Младшая графиня Шувалова поддела конверт заколкой, раскрывая его и вытянула из него сложенный втрое лист бумаги. Брови нахмурились, когда взгляд скользнул по первым строкам, однако сменились неестественной бледностью, стоило дойти до основной части послания.

– Эллен, Эллен! — заметив, как подруга в ужасе округлила глаза, а руки ее мелко затряслись, Катерина кинулась к ней. — Что произошло? Что-то с Елизаветой Христофоровной?

– Д-Д… Д-Дмитрий… – она перевела обезумевший взгляд на стоящую рядом княжну.

Губы подрагивали, голос отказывался повиноваться. Рука, держащая злополучное письмо, безвольно упала на колени. Исписанный неровным почерком графини листок соскользнул по гладким юбкам на пол. Николай, не вмешивающийся в диалог, напрягся: Шувалова, конечно, порой была излишне эмоциональна, но разыгрывать отчаяние и ужас бы не стала. Не сейчас и не перед ними.

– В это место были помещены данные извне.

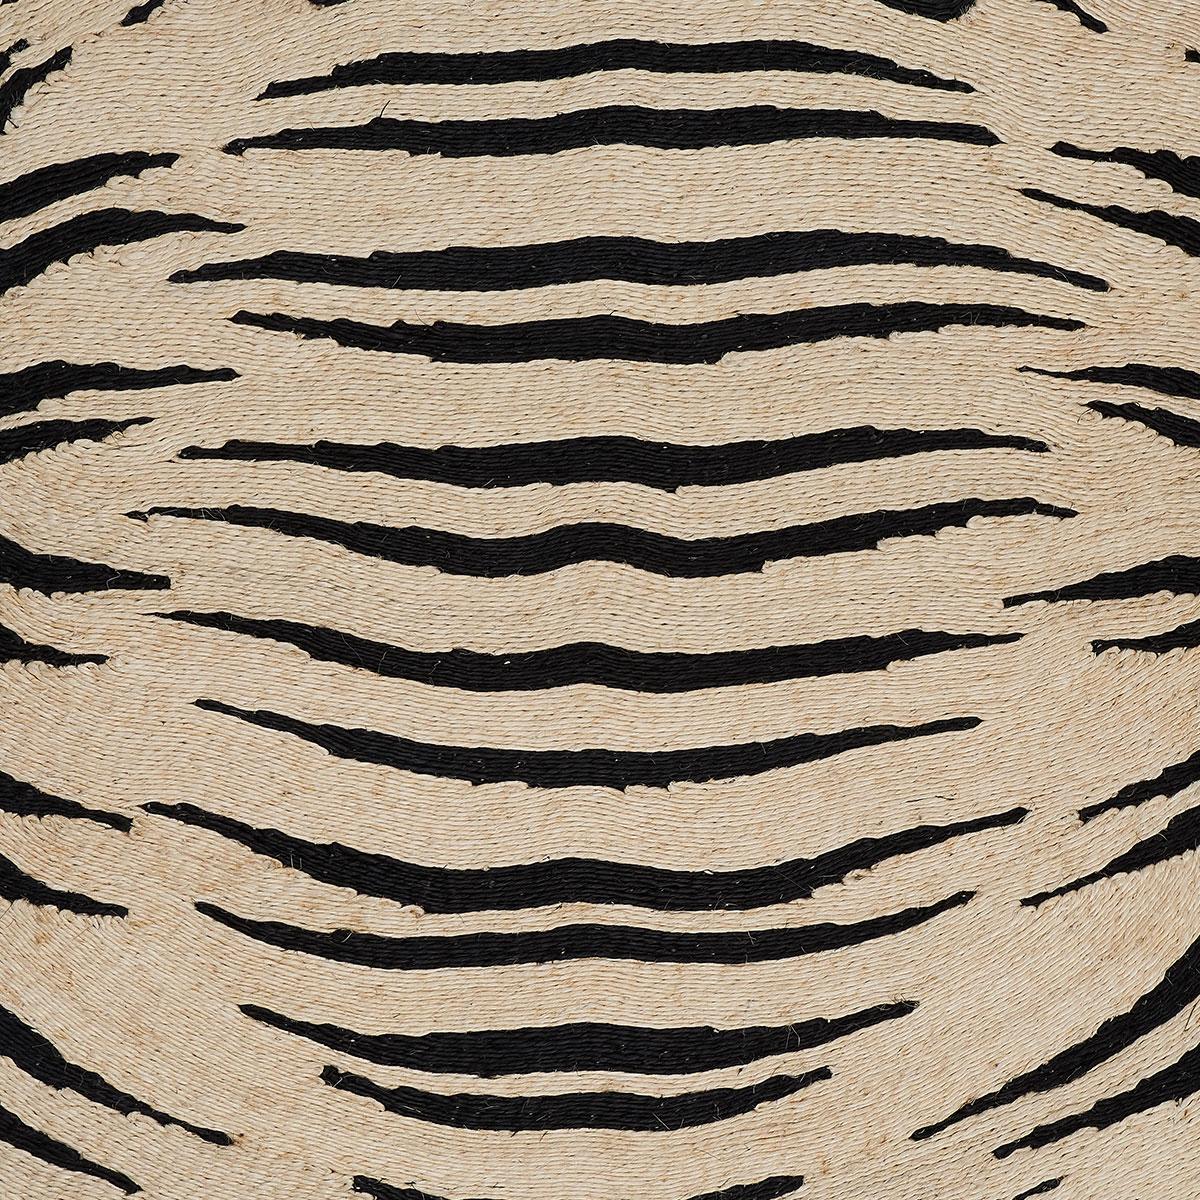 Designed by Adam Charlap Hyman and inspired by 17th-century cabinets of curiosity, Tigre is a fanciful, uniquely modern take on a tiger trophy rug. Featuring black and natural-colored stripes formed from hand-coiled abaca, this rug defines animal

– Что с ним? Эллен! Не мучай, прошу!

– Д-Дмитрия… – казалось, она сейчас потеряет сознание — столь бледным было лицо и обескровленными – губы, — …у-у-убили…

Первой мыслью, и, наверное, даже единственной в те минуты, было то, что свадьба отложится — сейчас жених не приедет, задержится еще сильнее, чем ожидалось. И вроде бы она сама желала повременить с венчанием, но как-то это неправильно.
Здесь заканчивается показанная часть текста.